AssetOpsBench builds on ideas from several prior benchmark and evaluation efforts. We acknowledge these works for shaping the design of trajectory-based evaluation, multi-metric reporting, deterministic scoring, and agent benchmark workflows.
AssetOpsBench's offline evaluation workflow is inspired by benchmark designs that separate task execution from scoring. In particular, the evaluation pipeline follows the pattern:
agent run → saved trajectory/output → evaluator → report
This design allows saved agent trajectories to be re-scored with different scorers or judge models without re-running the agent.
We acknowledge the following benchmark efforts:
-
SWE-bench: Can Language Models Resolve Real-World GitHub Issues? Carlos E. Jimenez, John Yang, Alexander Wettig, Shunyu Yao, Kexin Pei, Ofir Press, and Karthik Narasimhan.
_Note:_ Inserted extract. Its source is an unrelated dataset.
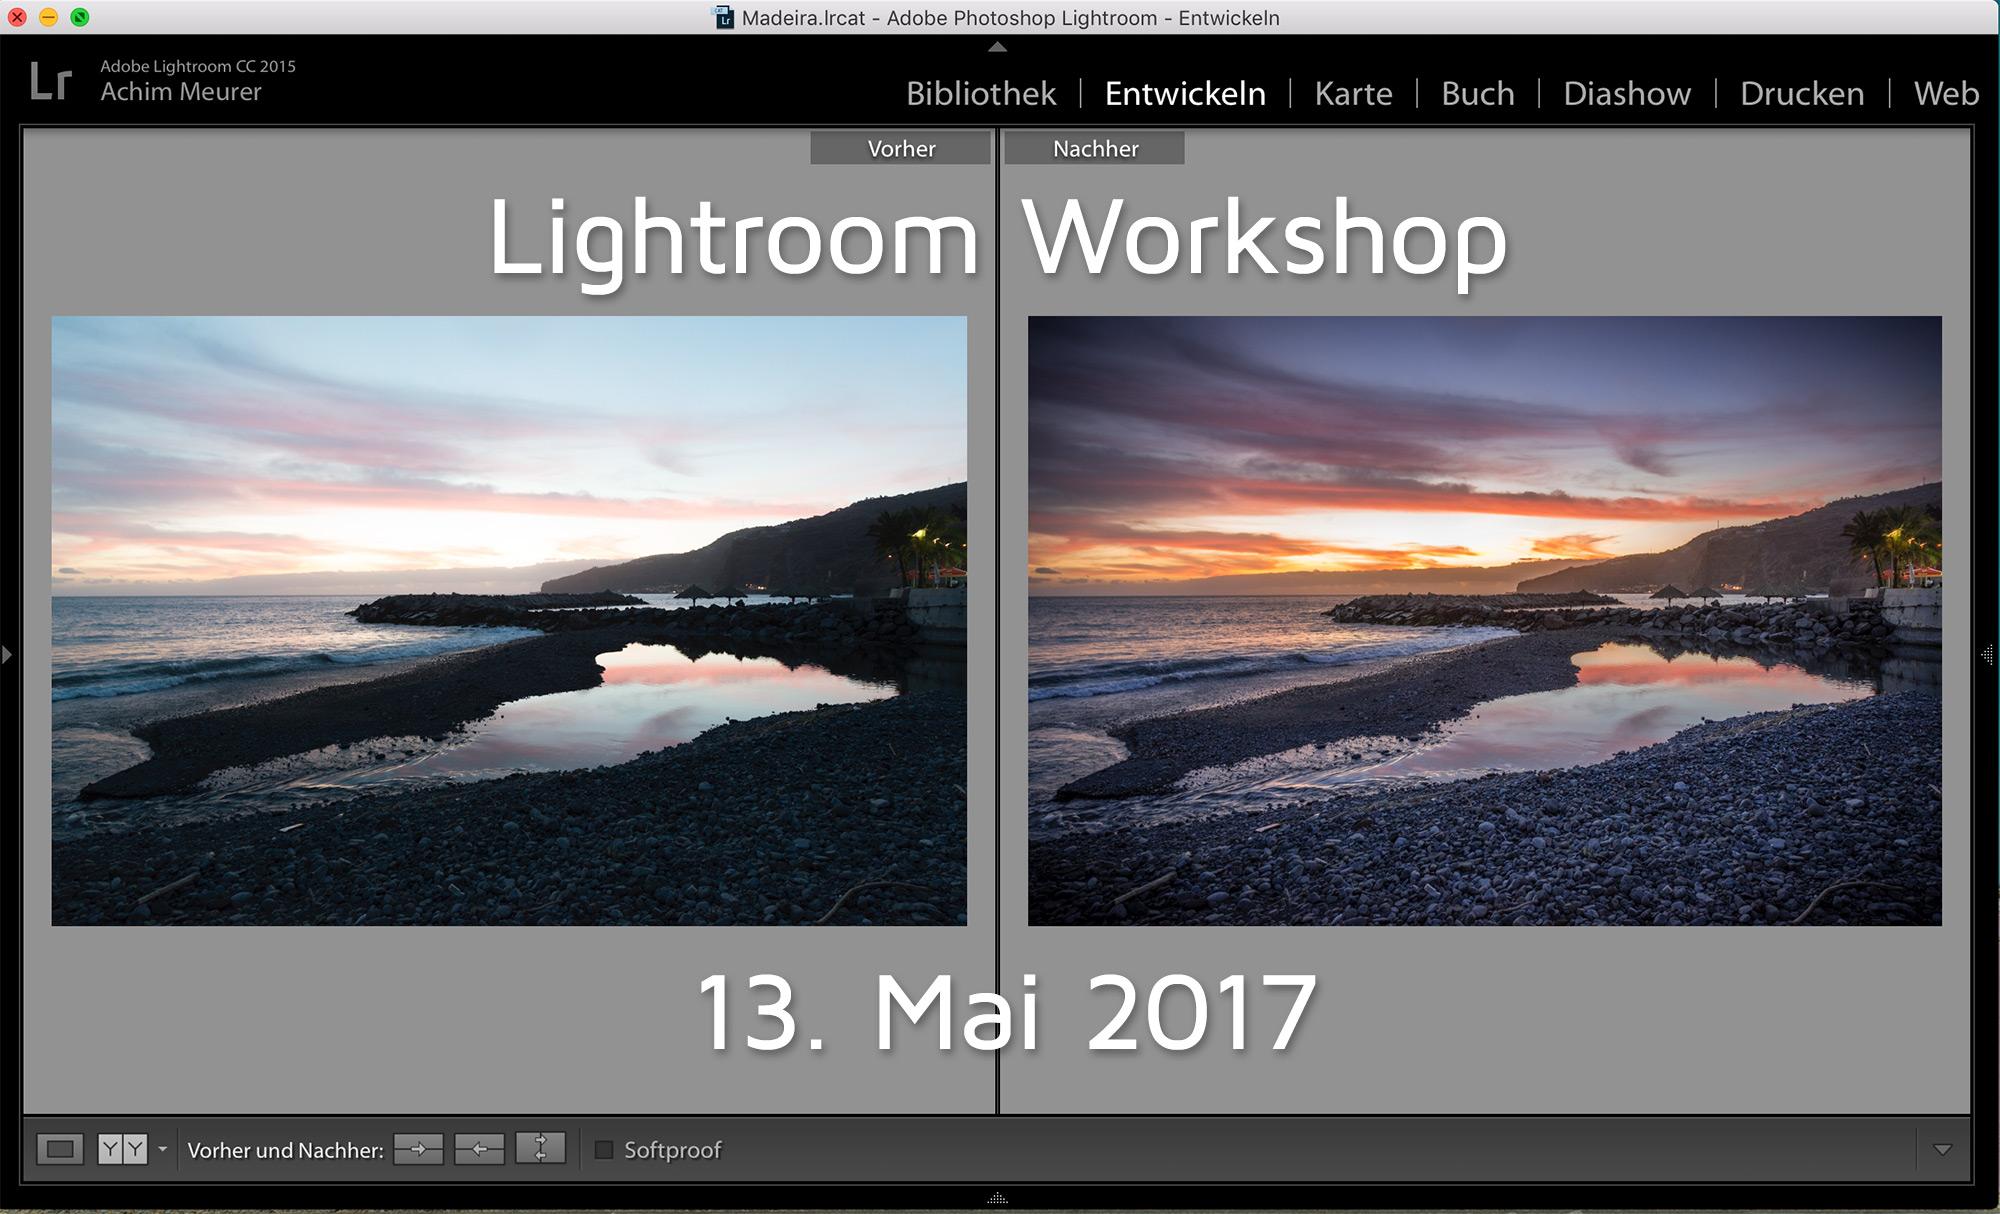 Lightroom Workshop mit Kochkurs
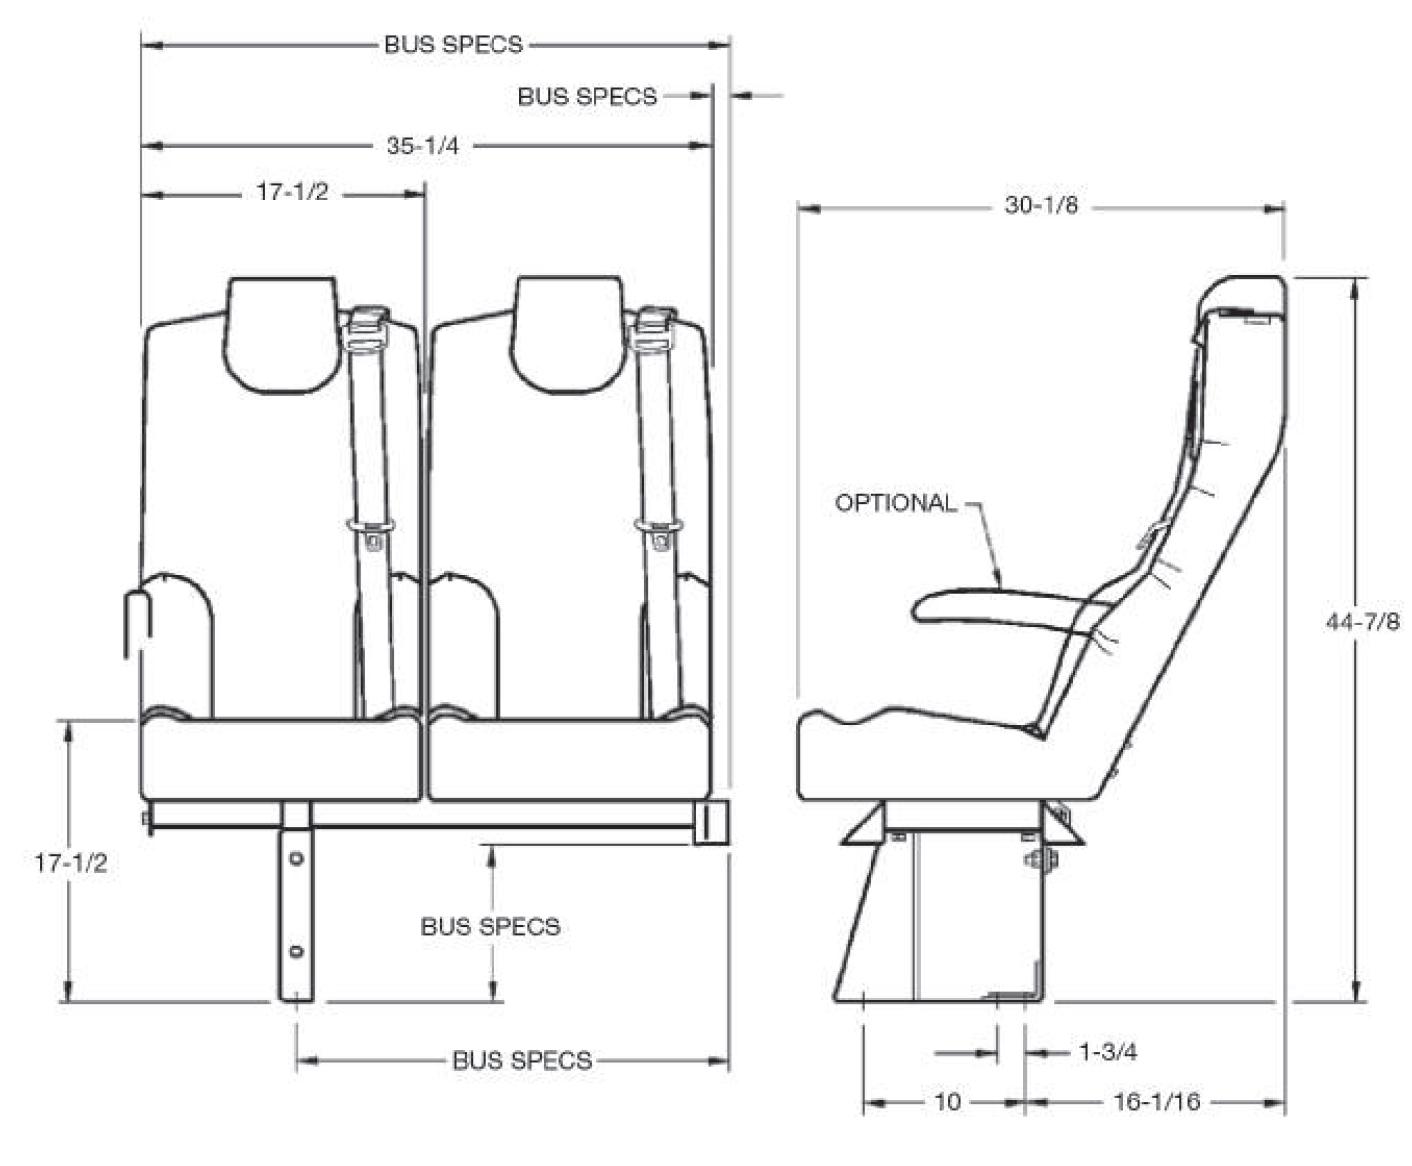 Esquire Seat Passenger Bus Seating Freedman Seating

SWE-bench motivates task-level evaluation from saved model outputs in realistic software engineering environments. https://arxiv.org/abs/2310.06770
-
HELM: Holistic Evaluation of Language Models Percy Liang et al. HELM motivates standardized, multi-metric evaluation and transparent reporting across scenarios, models, and metrics. https://arxiv.org/abs/2211.09110
-
τ-bench: A Benchmark for Tool-Agent-User Interaction in Real-World Domains Shunyu Yao, Noah Shinn, Pedram Razavi, and Karthik Narasimhan. τ-bench motivates evaluating tool-using agents through realistic interaction traces and final-state/task-success scoring. https://arxiv.org/abs/2406.12045
The static_json scorer is inspired by the static scoring implementation in the DeepSynth benchmark, particularly the structured-answer parsing, normalization, flattening, exact/partial matching, and precision/recall/F1-style evaluation ideas from:
- DeepSynth Benchmark —
eval_static_score.pyhttps://github.com/agentdeepsynthesis/deepsynth-bench/blob/main/scripts/evaluation/eval_static_score.py
The AssetOpsBench implementation adapts these ideas to the existing trajectory-based evaluation pipeline. Instead of evaluating a standalone model-output file, AssetOpsBench joins saved agent trajectories with scenario ground truth and invokes the scorer through:
uv run evaluate \
--trajectories traces/trajectories \
--scenarios /path/to/scenarios_data \
--scorer-default static_jsonThe references above are acknowledged for conceptual and methodological inspiration. AssetOpsBench implements its own evaluation interfaces, scorer registry, trajectory loading, scenario loading, and report generation to support industrial asset operations and maintenance benchmarks.